▸ What you are asked to do: Could you reproduce the lines below from the one with "LEE 3FX Erkek" through the one with "Velvet Mini Dress with Pockets (S-M)"? Keep both ends and add nothing.

▸ Provided entries:
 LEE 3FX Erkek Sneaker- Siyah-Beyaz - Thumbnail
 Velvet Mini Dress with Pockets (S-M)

---

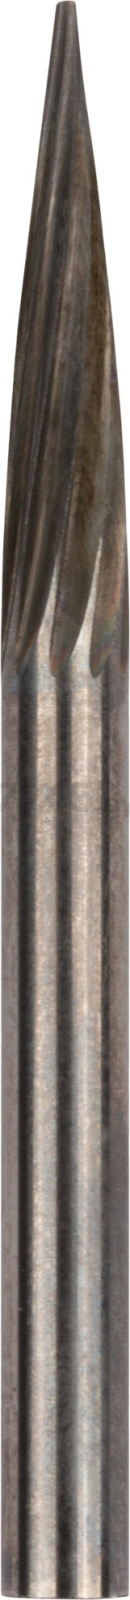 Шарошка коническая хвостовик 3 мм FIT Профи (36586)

▸ Written response:
 LEE 3FX Erkek Sneaker- Siyah-Beyaz - Thumbnail
 Velvet Mini Dress with Pockets (S-M)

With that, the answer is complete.